The threat has changed. The last three years have seen some really worrying milestones. The costs of a data breach in the healthcare industry continue to rise. In 2023, the average cost reached $10.93 million. The frequency is also increasing, with one report noting a 60% increase in phishing attacks between 2022 and 2023, with healthcare being the primary target of these attempts.

The impact caused by attacks continued to grow. In June 2023 the St. Margaret’s Hospital in the US became the first healthcare institution to permanently cease operations due in part to the fallout of a ransomware attack. A study released in October 2023 on the impact of ransomware on US healthcare facilities noted an increase in mortality rates for patients who were already admitted at the time of attack.

In February 2024, 100 Romanian hospitals were impacted by a ransomware attack. At least 21 hospitals had files encrypted, and others took their networks offline in response to the attack. A ransom of $180,000 was demanded from hospitals. The attacks appear to be centred on the Hipocrate Information System (HIS). The Romanian National Cybersecurity Directorate worked with the impacted hospitals, and it appears that no ransom was paid.

And obviously it’s not just hospitals that are at risk. Following data breaches in two third party healthcare payment services, almost half of French citizens had their data exposes. The names, dates of birth, social security numbers and insurance information of 33 million people were exposed.

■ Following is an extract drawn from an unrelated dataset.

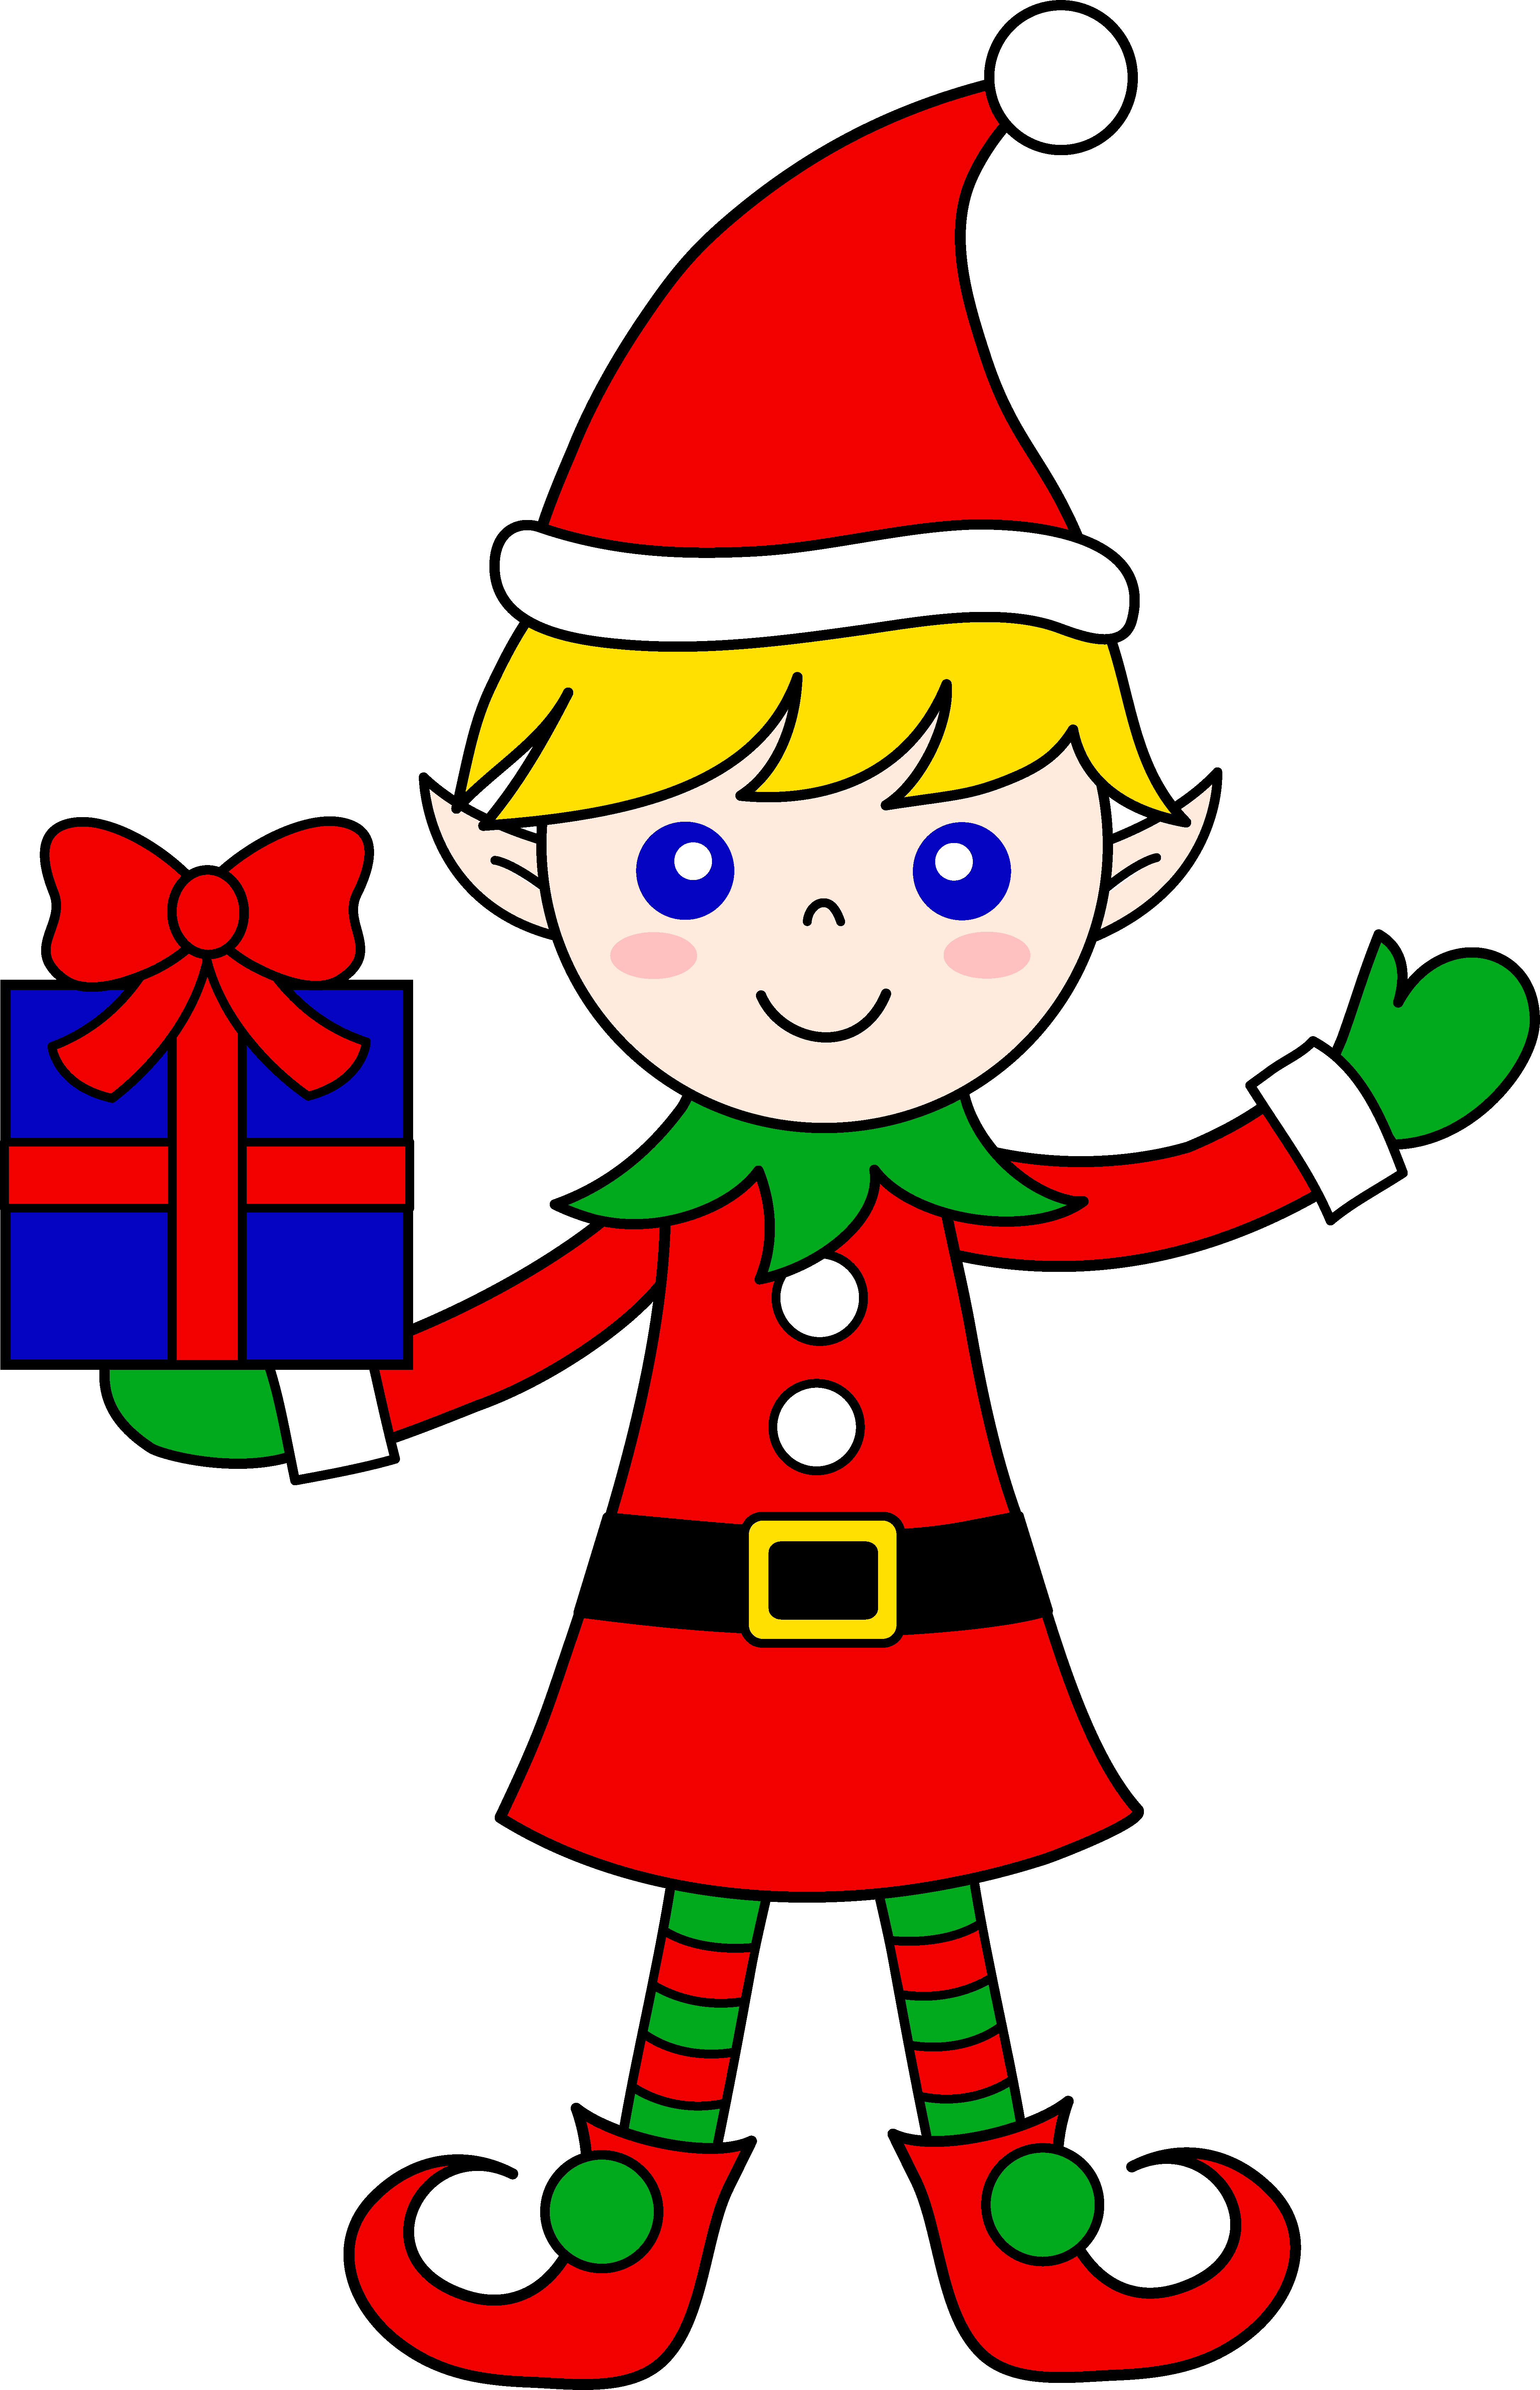 Cute Christmas Elf With Gift - Free Clip Art

Hacktivist groups have become much more active since the beginning of 2023 targeting the healthcare sector. In particular, the Anonymous Sudan and Killnet threat actors have increased their activities. These activities have been linked to geo-political issues, and cyber attacks have become the weapon of first resort for states.

Changes to the Environment

Technology is evolving faster than ever, and the promise of using it to support better health outcomes, more efficiently will be a significant focus for the HSE over the next decade. The Digital Health Strategic Framework (2024-2030) will be released shortly, this will include a roadmap for investment in digital health, and the delivery of digital patient records. How this evolving technology will be delivered safely will be the focus for IT security professionals for the next decade.

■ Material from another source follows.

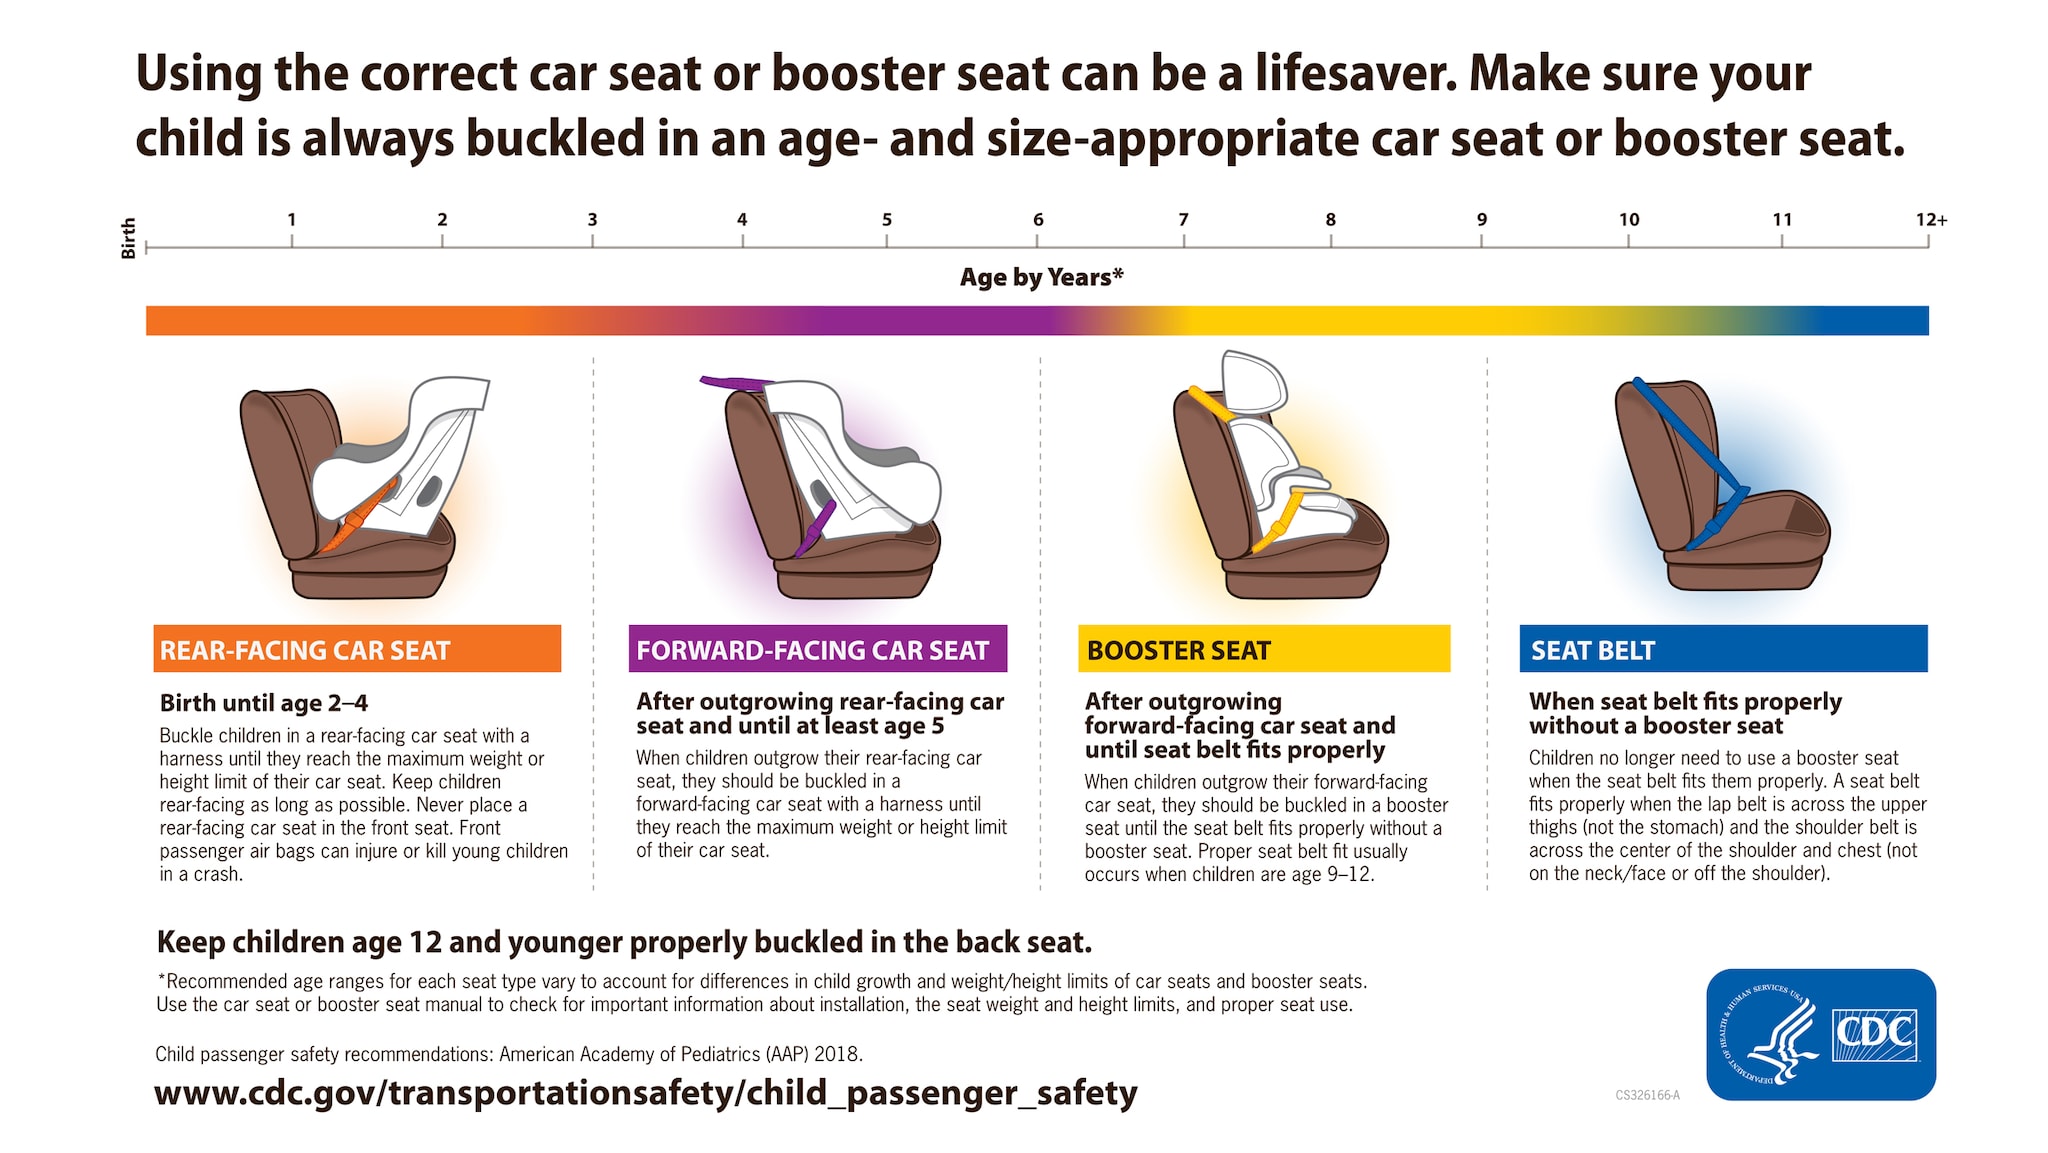 Image showing appropriate car seats and boosters for children at different ages

New technologies like the Internet of Things, offer the potential to transform patient monitoring. The IoT healthcare market is projected to reach a valuation of $289 billion by 2028. Other leap forward like Artificial Intelligence could assist in decision augmentation in medical diagnostics before too long. The potential for these two technologies to interact is incredibly exciting. However, as the complexity increases, so do vulnerabilities. The risk of a slight misconfiguration is real, and the potential damage that could be done by a threat actor is worrying.

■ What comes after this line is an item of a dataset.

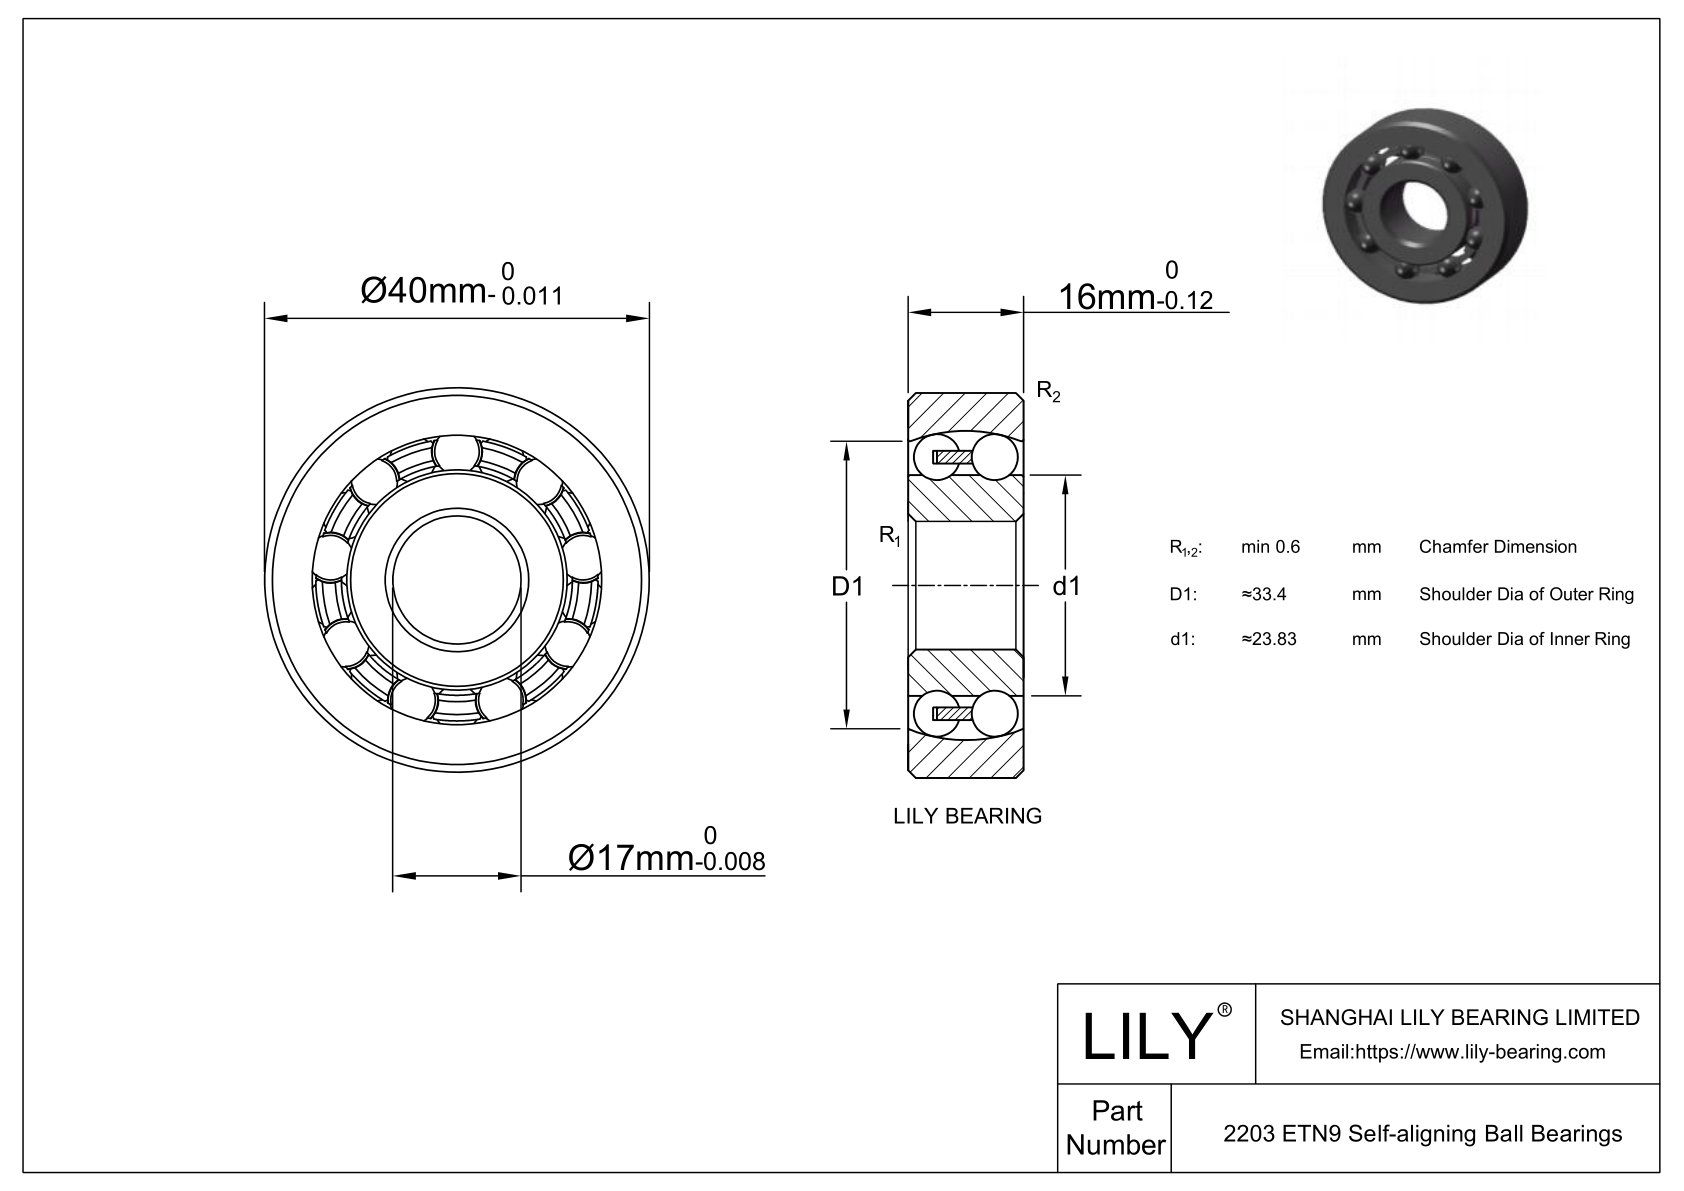 S2203 ETN9 Stainless Steel Self Aligning Ball Bearings cad drawing

Who is responsible for making this better?

Who is responsible to secure our digital safety? I think overall digital security requires a whole of society approach, not just a whole of Government approach. The potential for ground-breaking improvements in patient outcomes incredible. There will be more devices, more complexity, more opportunities for threat actors to cause disruption, there will be more reasons for them to cause that disruption. We all have a part to play, and we have seen how the EU and State agencies have reacted to the 2021 attack. Tech companies have an obligation to innovate safely, and services and products must be resilient. It’s also critical that decisions makers within the healthcare system understand the risks, and sufficiently prioritise mitigation measures.